- Promotional poster
- Written by: Maurice Philip Remy
- Directed by: Roland Suso Richter
- Starring: Thomas Kretschmann; Nadja Uhl; Saïd Taghmaoui; Herbert Knaup; Christian Berkel;
- Music by: Martin Todsharow
- Country of origin: Germany
- Original language: German

Production
- Producers: Gabriela Sperl; Nico Hofmann; Jürgen Schuster;
- Running time: 108 minutes

Original release
- Release: 30 November 2008

= Mogadischu (film) =

2008 film

Mogadischu is a 2008 German made-for-TV thriller film chronicling the events surrounding the hijacking of Lufthansa Flight 181 by the Popular Front for the Liberation of Palestine in 1977. Directed by Roland Suso Richter, it was first shown on public broadcasting channel Das Erste on 30 November 2008.

==Synopsis==
On 13 October 1977, Lufthansa Flight 181, a Boeing 737-230 Adv named Landshut, is on its way from the vacation island of Mallorca to Frankfurt when it is hijacked by a team of four terrorists representing the Popular Front for the Liberation of Palestine.
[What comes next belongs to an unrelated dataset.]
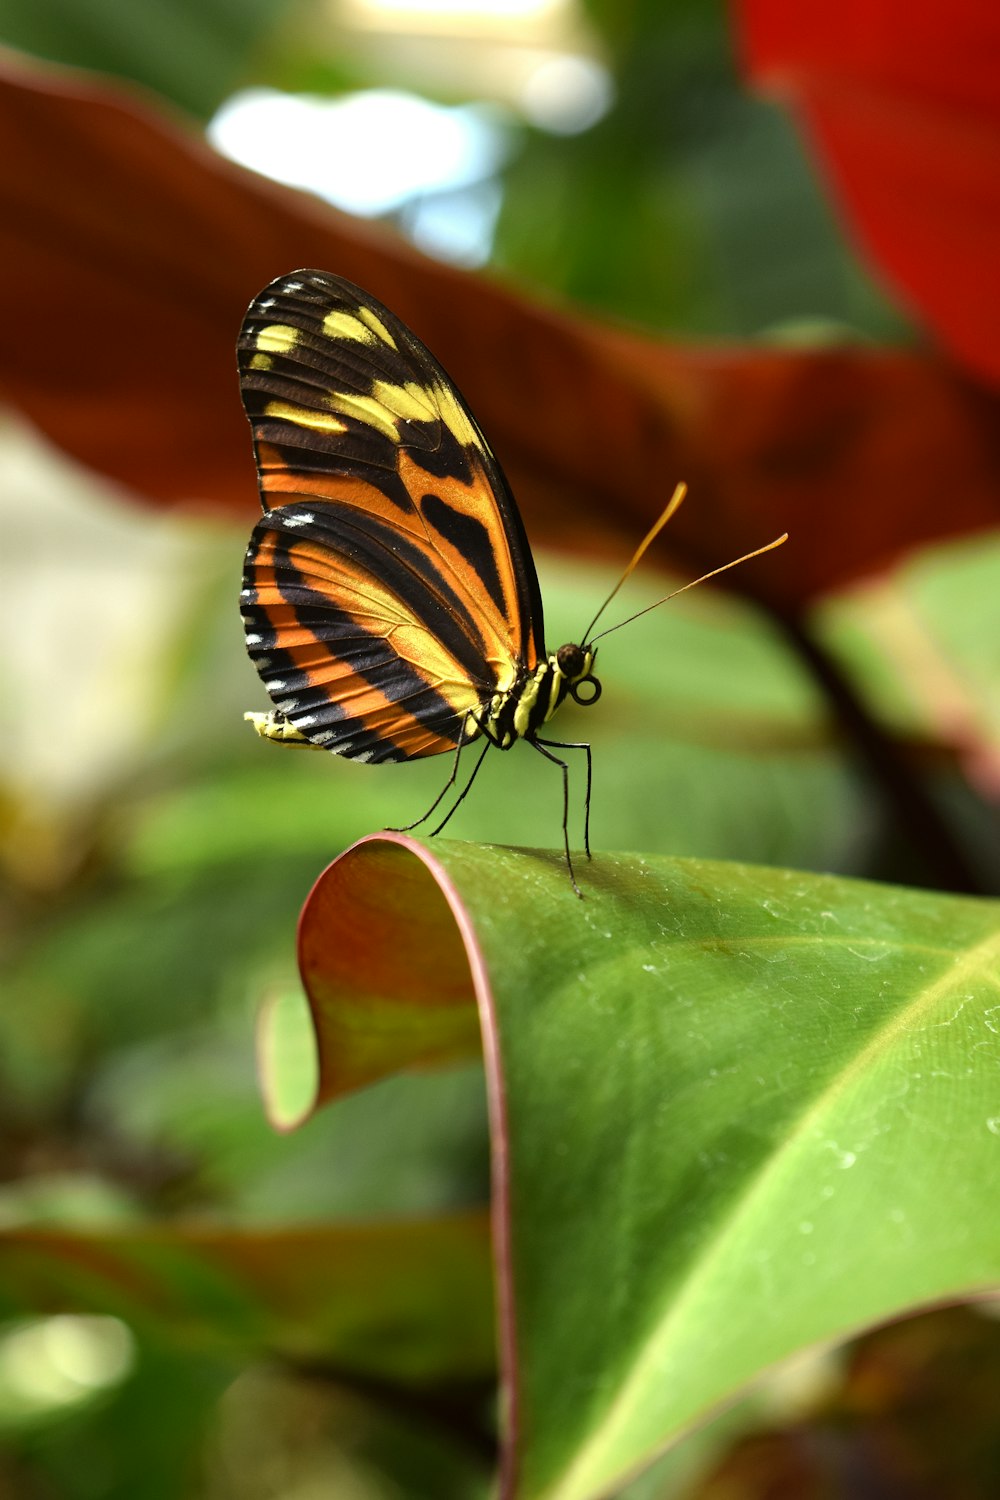 borboleta preta, amarela e laranja na folha verde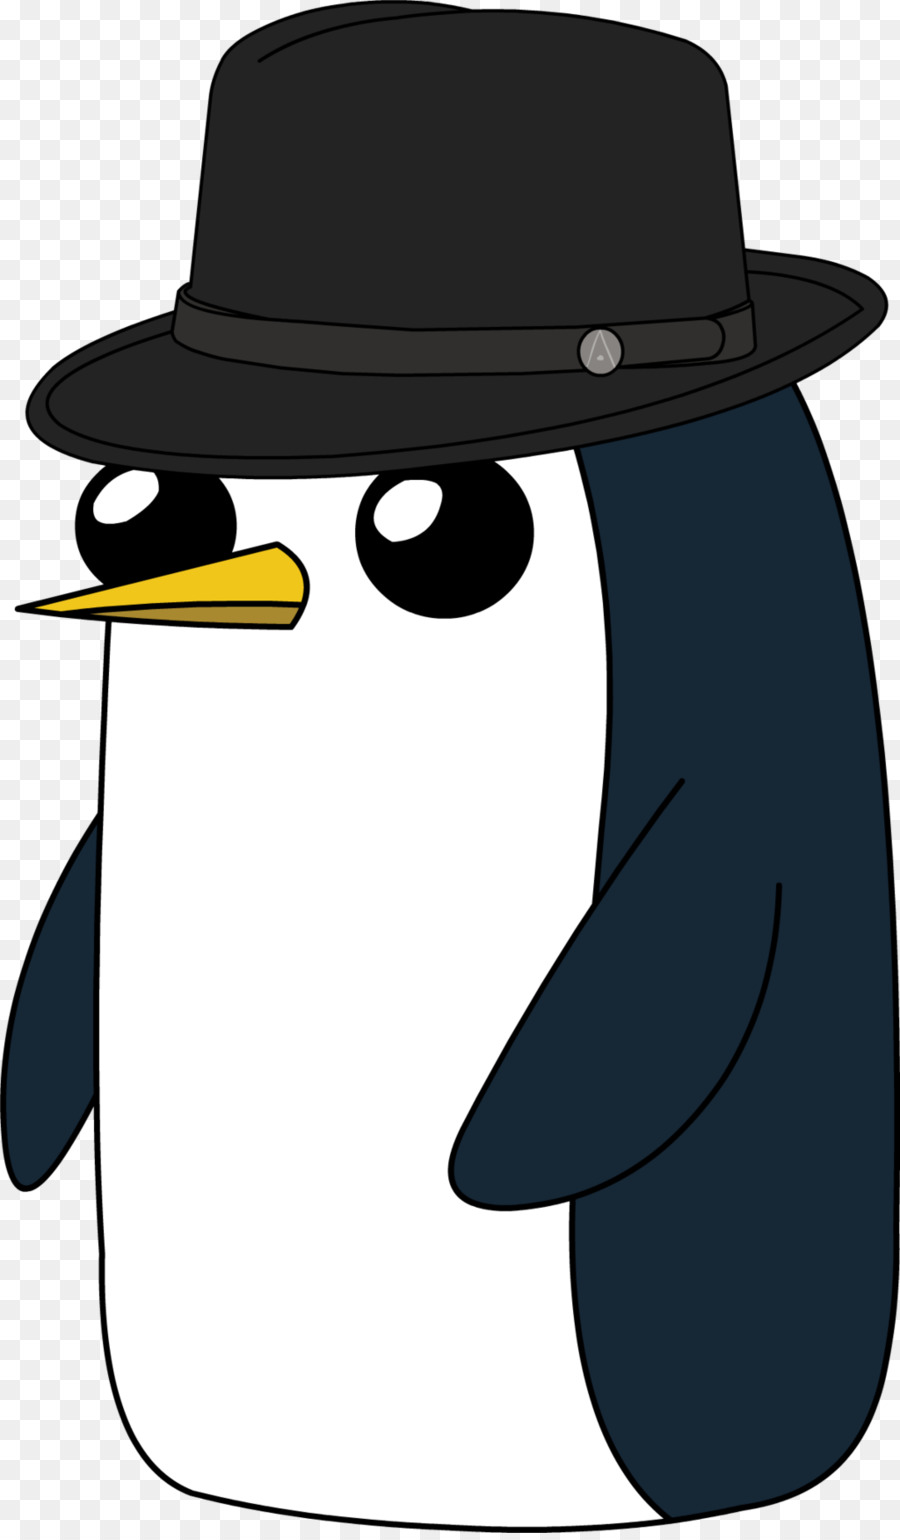 Pinguino uccello DeviantArt - Pinguino

They demand the release of several leaders of the Red Army Faction (RAF) who are imprisoned in Germany. German Chancellor Helmut Schmidt refuses to negotiate with terrorists, aware that he is endangering not only the lives aboard the Landshut, but also that of German business leader Hanns Martin Schleyer, who is being held hostage by the RAF.

The plane makes its way through several stops to Aden in South Yemen, where the captain, Jürgen Schumann, is murdered by the hijackers. The plane continues on its way, eventually landing in Mogadishu, Somalia. As flight attendant Gabriele Dillmann and the surviving crew try their best to keep their passengers safe and calm, Colonel Ulrich Wegener leads the German federal police's newly formed counter-terrorism unit, GSG 9, in preparations to storm the Landshut.

In the night between 17 and 18 October, Schmidt gives Wegener the order to storm the plane and free the hostages. Somali ranger units create a fire as a distraction, allowing members of GSG 9 to approach the Landshut from behind. Operation "Feuerzauber" is successful, with all hostages rescued. Three hijackers are gunned down and killed, the fourth is seriously injured. One GSG 9 member and a flight attendant are injured. Schmidt is informed by phone that "the job is done."

== Cast ==
- Thomas Kretschmann as Jürgen Schumann, captain of Lufthansa Flight 181
- Nadja Uhl as Gabriele Dillmann, a flight attendant aboard Flight 181
- Saïd Taghmaoui as Zohair Youssif Akache, the leader of the hijackers
- Herbert Knaup as Lieutenant Colonel Ulrich Wegener, Commander of the GSG 9; Operations Manager of Operation "Feuerzauber"
- Jürgen Tarrach as Hans-Jürgen Wischnewski, state minister in the German Chancellery
- Christian Berkel as Helmut Schmidt, Chancellor of Germany
- Simon Verhoeven as Jürgen Vietor, co-pilot
- Tobias Licht as Baum
- Cornelia Schmaus as Lyvia Vamos
- Valerie Niehaus as Birgitt Röhll
- Youssef Hamid as Wadie Haddad, head of the Popular Front for the Liberation of Palestine
- Gernot Kunert as Hanns Martin Schleyer, German business leader and hostage of the Red Army Faction
- Franz Dinda as Peter-Jürgen Boock, a member of the RAF
- Bettina Hoppe as Brigitte Mohnhaupt, a member of the RAF
- Sofi Mohamed as Siad Barre, president of Somalia

== Production ==
Filming took place between October and December 2007, at locations in Munich, Berlin, Ulm, Bonn, and Casablanca. The working title was Mogadischu Welcome.